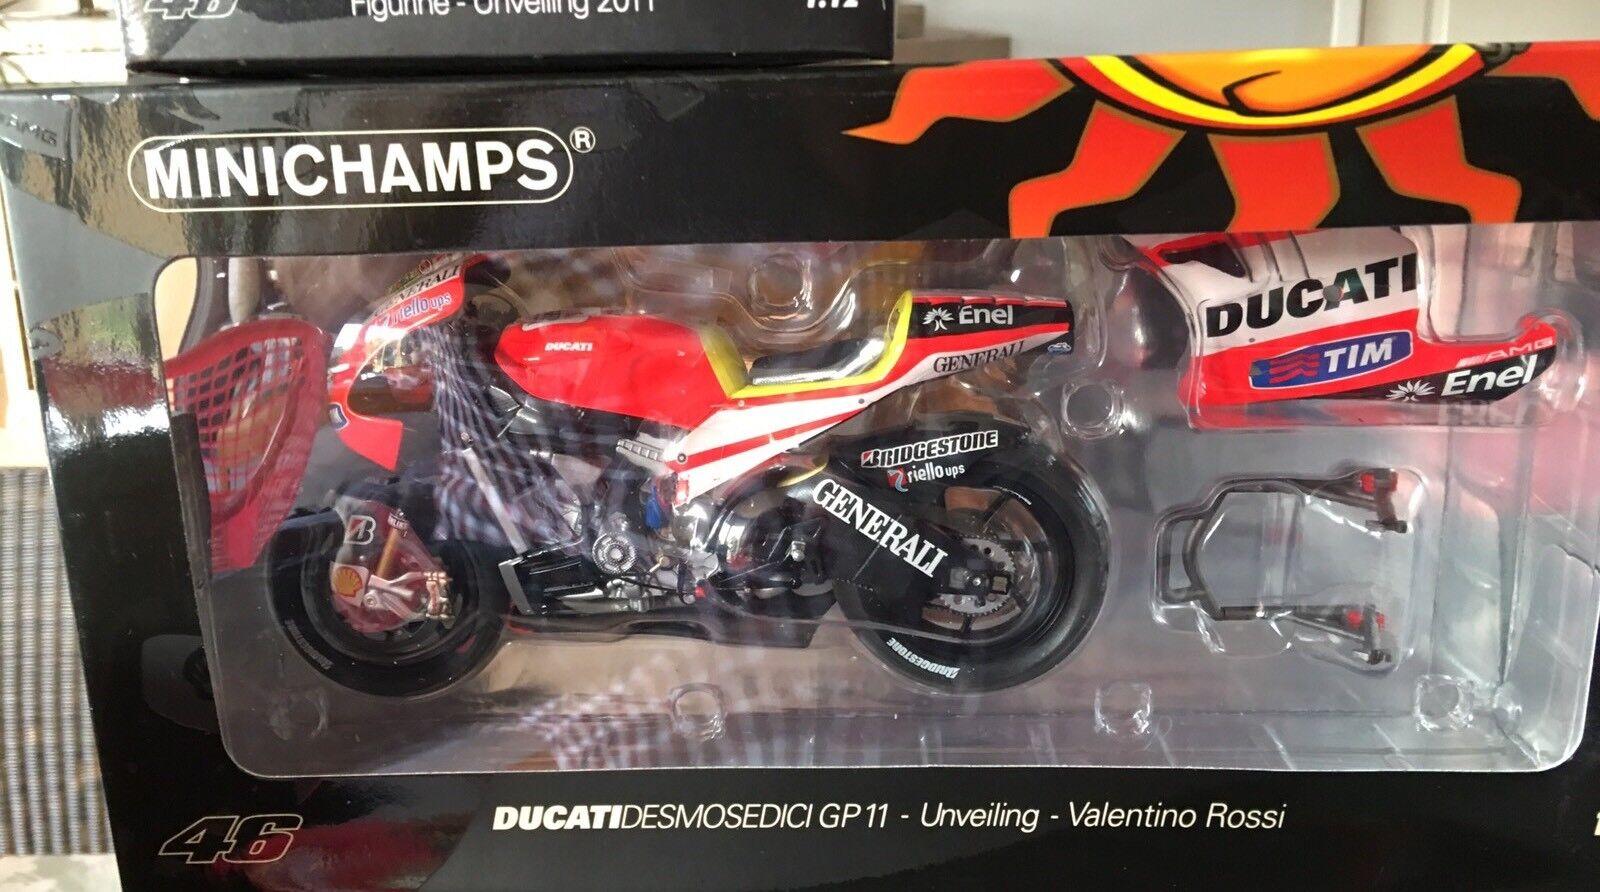 1 12 Minichamps Ducati  Desmosedici + Figure Rossi Unveiling 2011
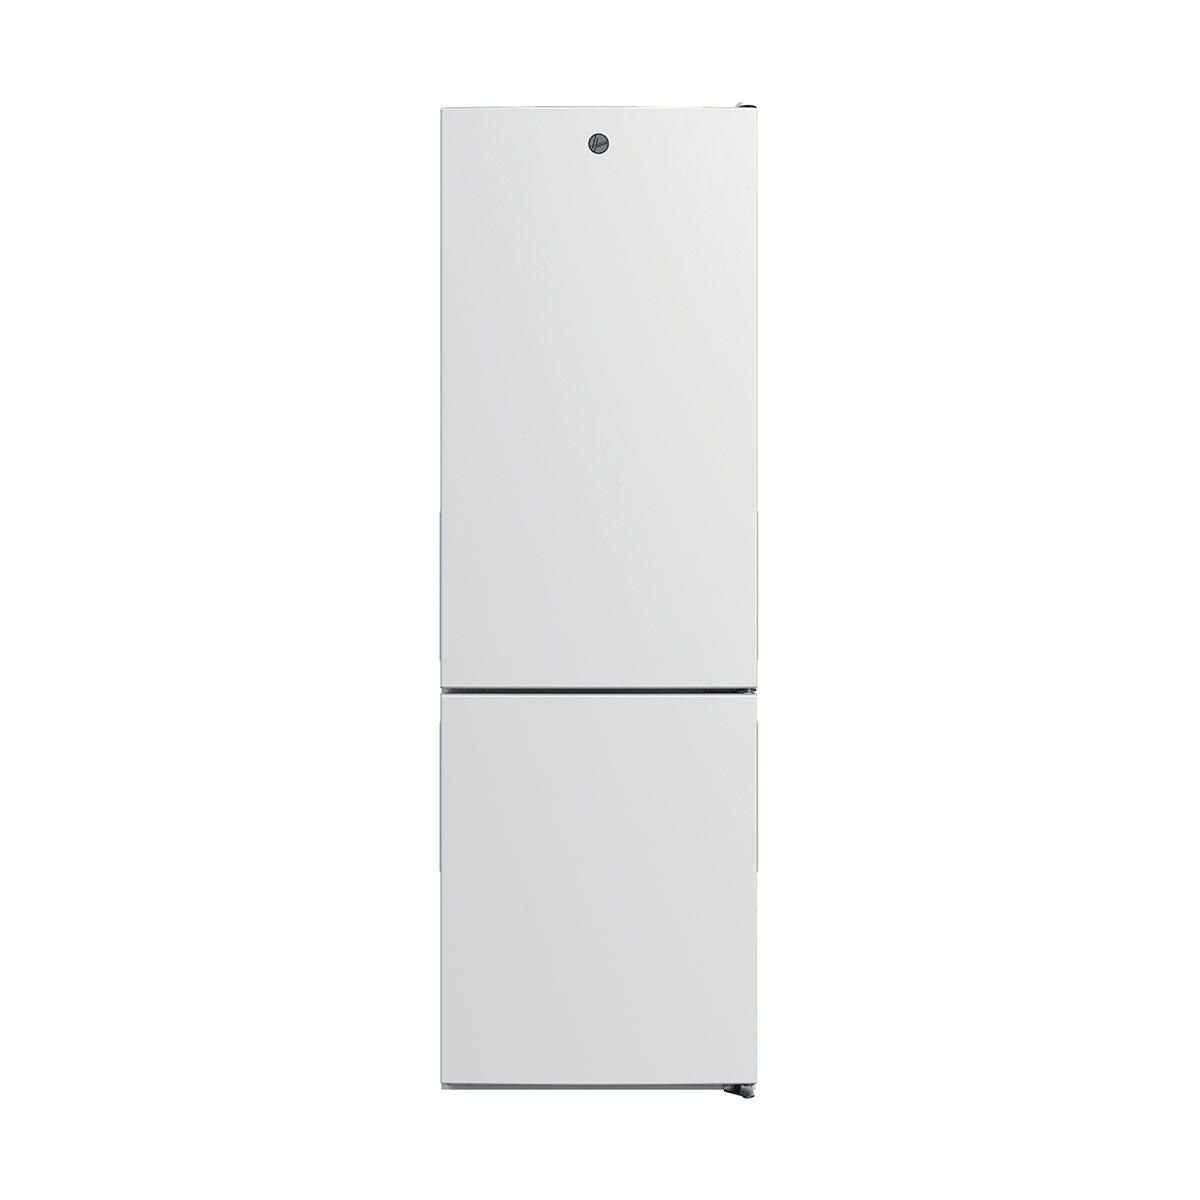 Hoover HMDNB 6184WK 60cm 302L Total No Frost Fridge Freezer - White
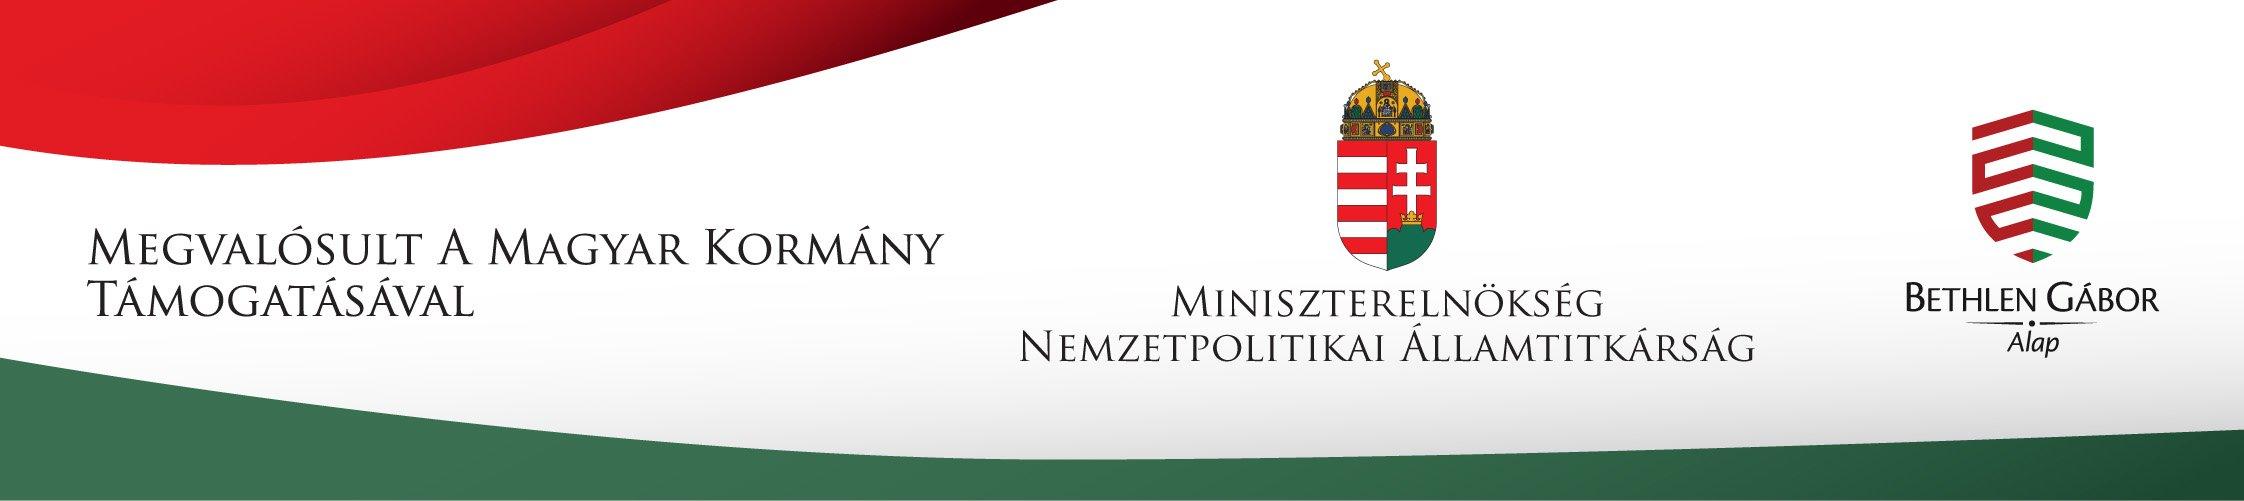 xmegvalosult_a_magyar_kormany_tamogatasaval_bga_alap.jpg.pagespeed.ic.vZH8rt7JZH
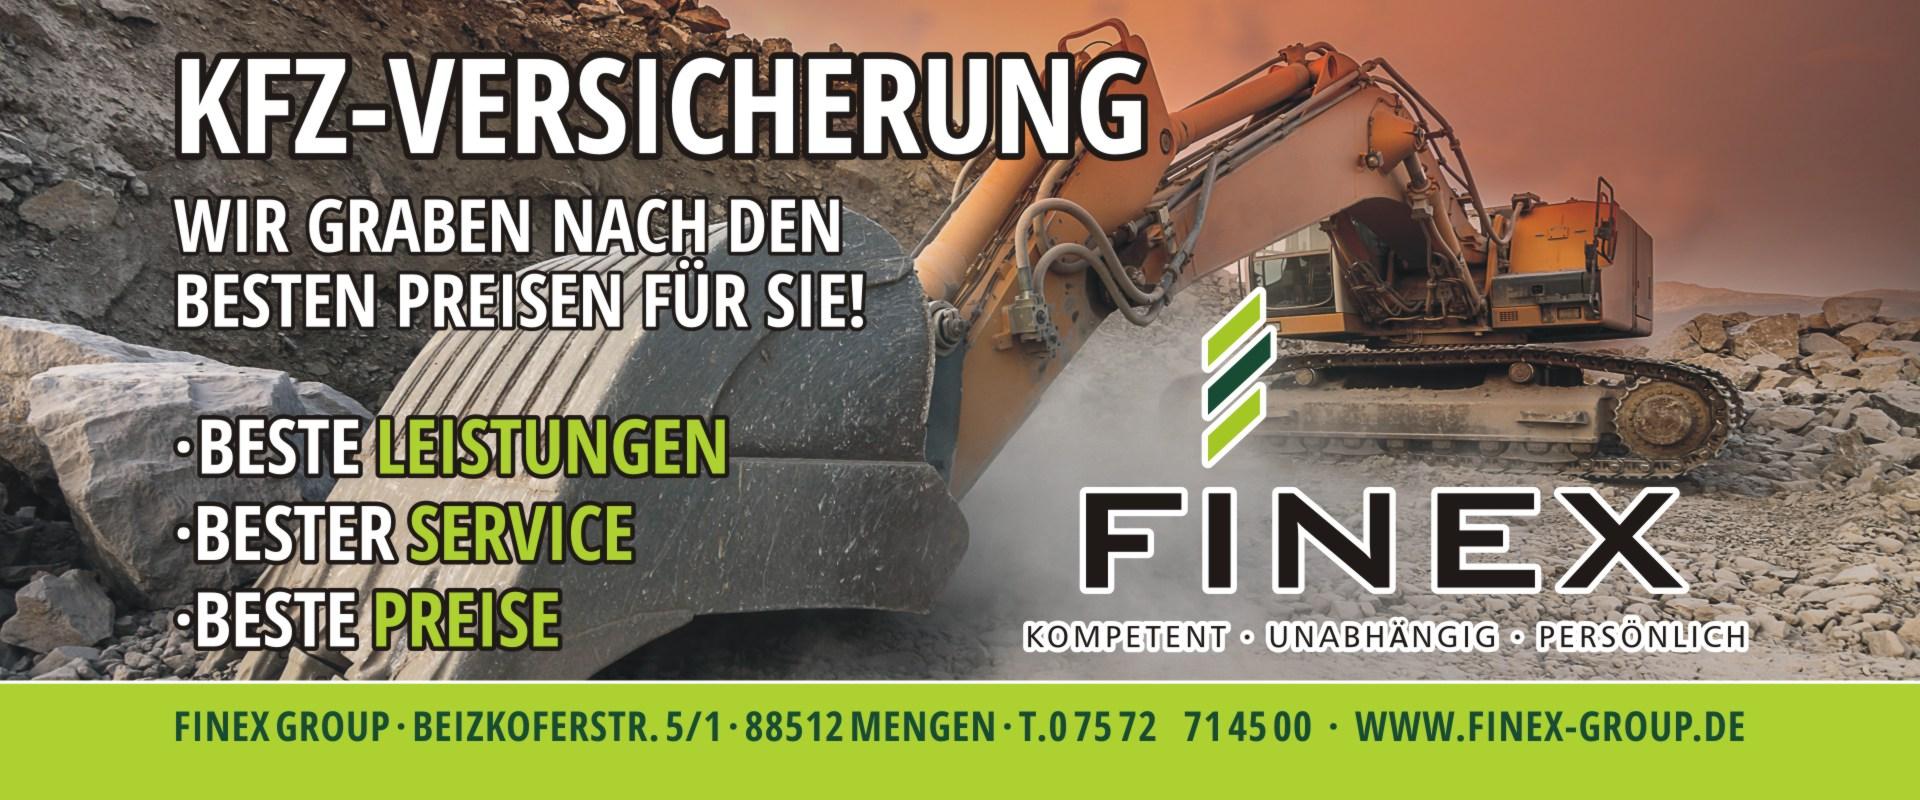 finex-mengen-01

What the task requires: Every line above should be returned exactly; the pictures stay out.

Task solution:
 1 12 Minichamps Ducati  Desmosedici + Figure Rossi Unveiling 2011
 Hoover HMDNB 6184WK 60cm 302L Total No Frost Fridge Freezer - White
 xmegvalosult_a_magyar_kormany_tamogatasaval_bga_alap.jpg.pagespeed.ic.vZH8rt7JZH
 finex-mengen-01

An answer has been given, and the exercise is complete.